Le style est clair et précis, le passé militaire de l’auteur transparait dans les nombreuses références militaires techniques. La langue s’adapte selon les milieux décrits : parlé des banlieues, jargon militaire, ou technocratique de Bruxelles. Le réalisme de son style, des descriptions ne peut que nous rappeler les épreuves, attentats traversés par les démocraties contemporaines, et son livre peut s’interpréter comme un avertissement avisé d’un spécialiste personnellement impliqué contre ces dangers. C’est une invitation à comprendre les mécanismes subtils d’infiltration des démocraties occidentales, d’endoctrinement des éléments les plus malléables, en général les plus jeunes, et du lent travail de sape des institutions ; bref c’est beaucoup plus qu’un thriller lambda, un livre on ne peut plus actuel qui pose question.

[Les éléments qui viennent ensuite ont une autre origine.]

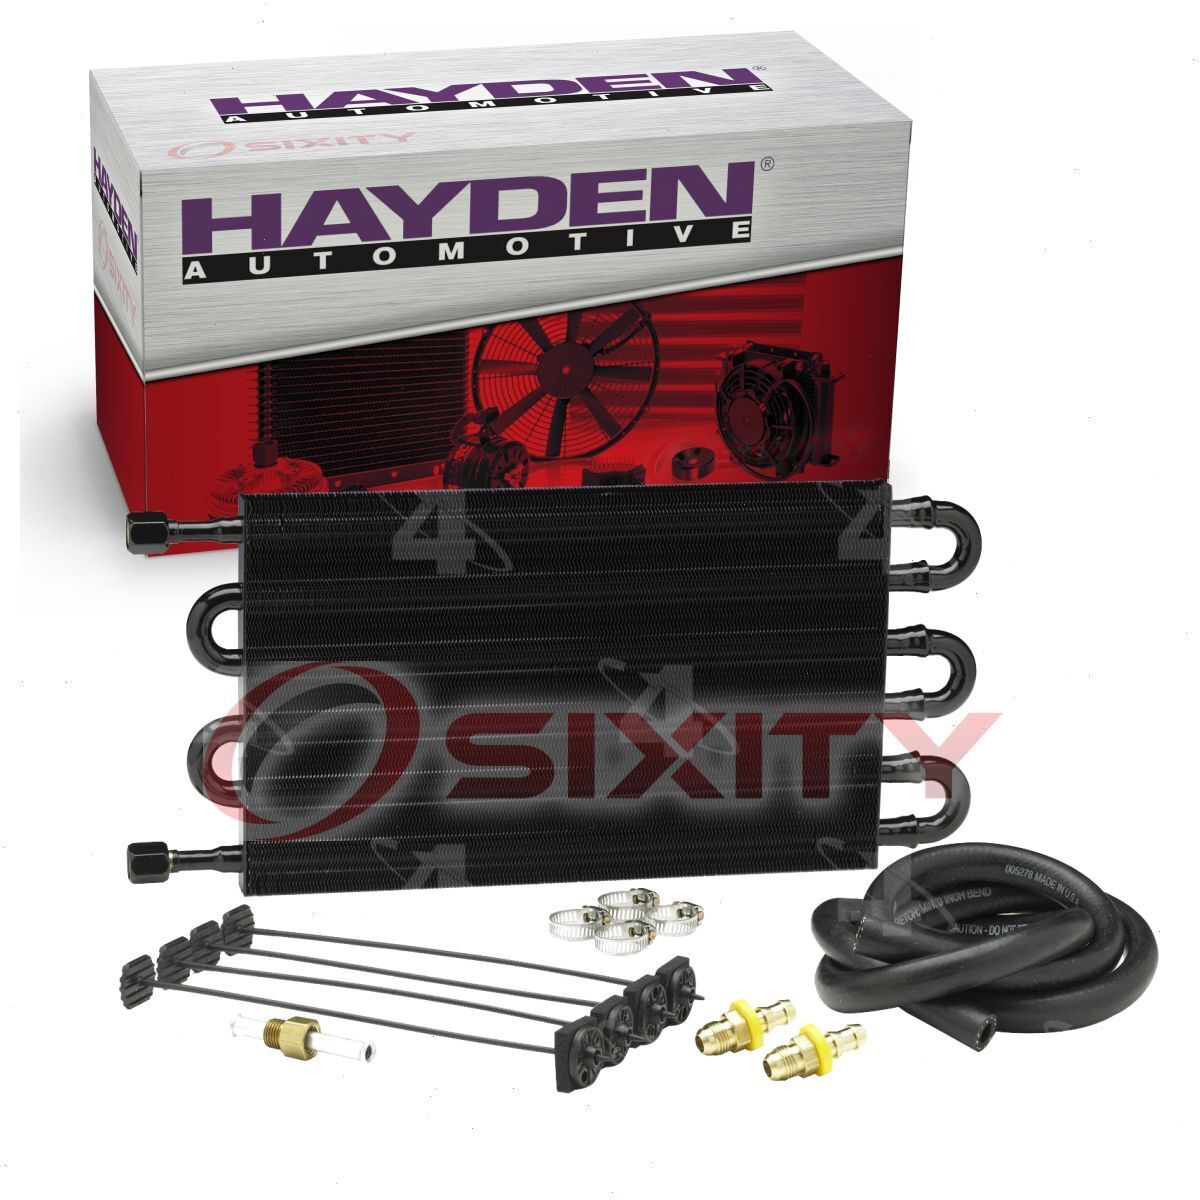 Hayden Automatic Transmission Oil Cooler for 1942-2004 Oldsmobile 442 88 98 tz

Ce roman se caractérise par sa pertinence : tant les questions posées, les soubresauts décrits  rappellent notre monde actuel : paupérisation, crises économiques et sociales récurrentes,  abandon des banlieues, embrigadement des jeunes immigrés etc. Koistinen dérange et égratigne nombre de mesures et politiques en cours aujourd’hui : tolérance de pratiques ou comportements religieux séditieux, collaboration naïve avec des mouvements religieux, implication de régimes d’Afrique du Nord ou du Moyen Orient, erreurs de jugement dans des conflits ethniques, etc. La principale qualité de cet ouvrage est sa lecture facile. Toute proportion gardée, le profane découvre les rouages de l’islamisation, le processus de radicalisation, les stratégies d’implantation en zones de perdition, et surtout le B.A.-BA du glossaire de base islamiste.

Ce thème de la montée de l’Islamisme toujours latent dans notre monde revient bien trop souvent au premier plan. On se demande comment un livre aussi pertinent sorti en 2014 -ayant donné lieu à une suite publiée en 2019- et traduit en anglais n’existe pas en français ? Il y a là matière à un bon scénario de film.